- Specialty: Pulmonologist

= Pulmonary tractotomy =

A pulmonary tractotomy is a surgical technique to treat a penetrating lung injury. The tract of the lung injury is opened, and open bronchi and blood vessels are ligated (sewn).

== Treatment of penetrating lung injuries ==

Emergency surgery for a penetrating lung injury, e.g. an accident or a gunshot, is associated with a very high mortality rate.

Such lung injuries cannot be treated with simple surgery; they cannot be oversewn. If treated with simple surgery, blood vessels within the tract of the lung injury may continue to bleed and result in a haematoma which should be avoided. Or the patient may suffer a pulmonary air embolism and subsequently die.

Penetrating lung injuries can be treated with a formal lung resection or with pulmonary tractotomy.

==Comparison of treatments==

Pulmonary tractotomy is a lung sparing technique.

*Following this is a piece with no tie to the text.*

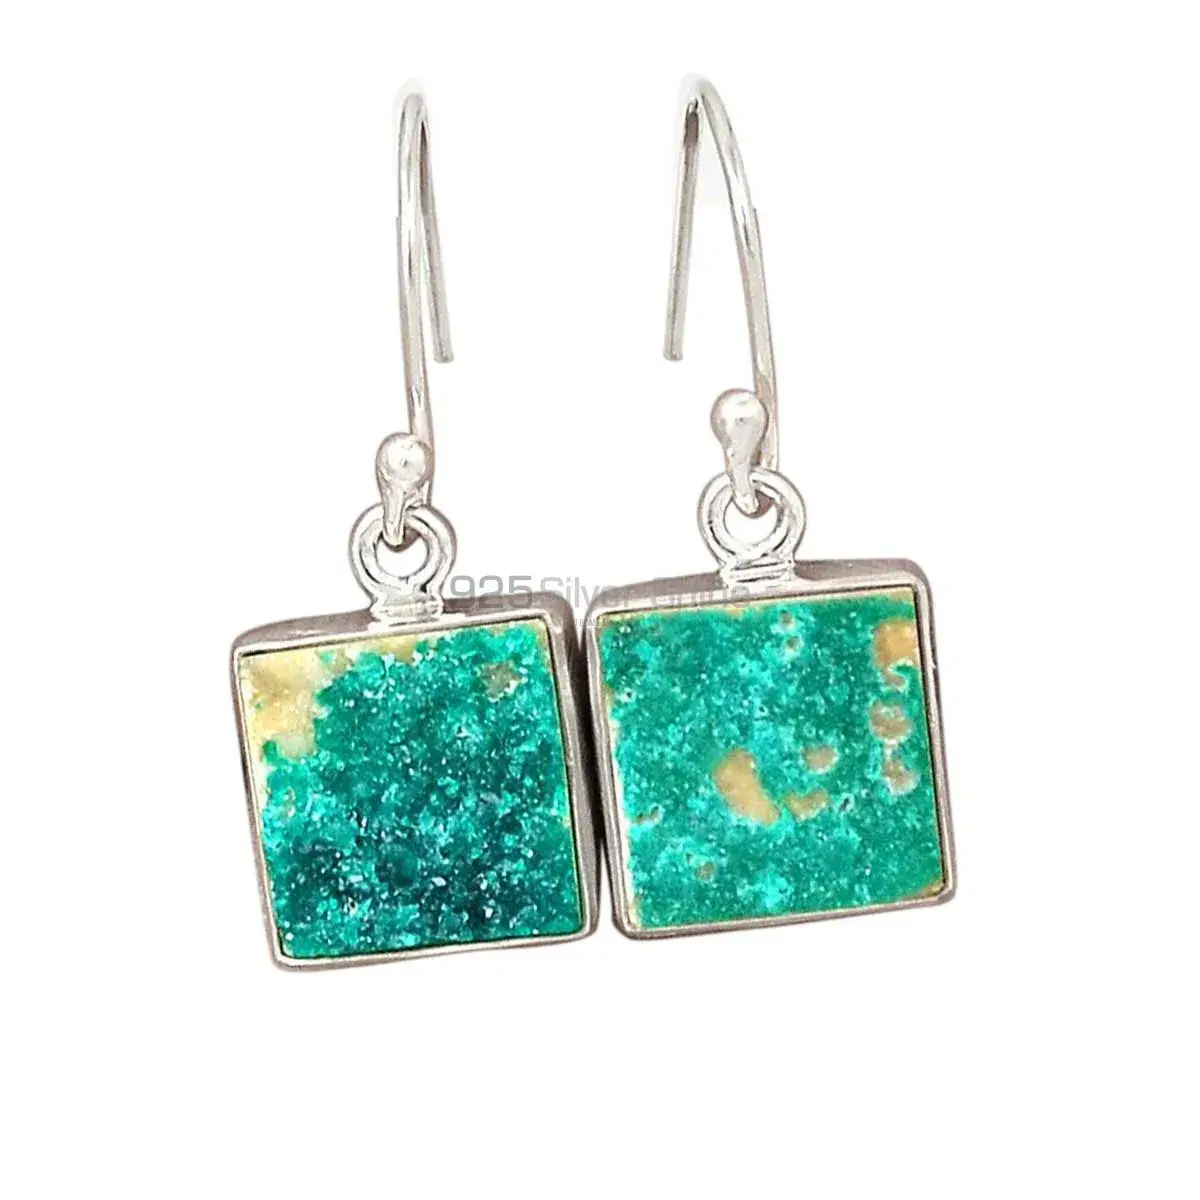 Beautiful 925 Sterling Silver Handmade Earrings Suppliers In Azurite Druzy Gemstone Jewelry 925SE2708_9

It can prevent the need for formal lung resection. Its advantages over segmental lung resection include that it can be performed quicker; it offers a rapid way to control bleeding (haemorrhage) and air leaks in patients with penetrating lung injuries. Also, pulmonary tractotomy can preserve healthy pulmonary tissue (parenchyma); this naturally is not possible with lung resection.

However, overall patient outcome is the same with pulmonary tractotomy and lung resection; both are viable surgical treatment options. This is because patient outcome in penetrating lung injury is related mainly to the severity of injury, rather than the type of treatment.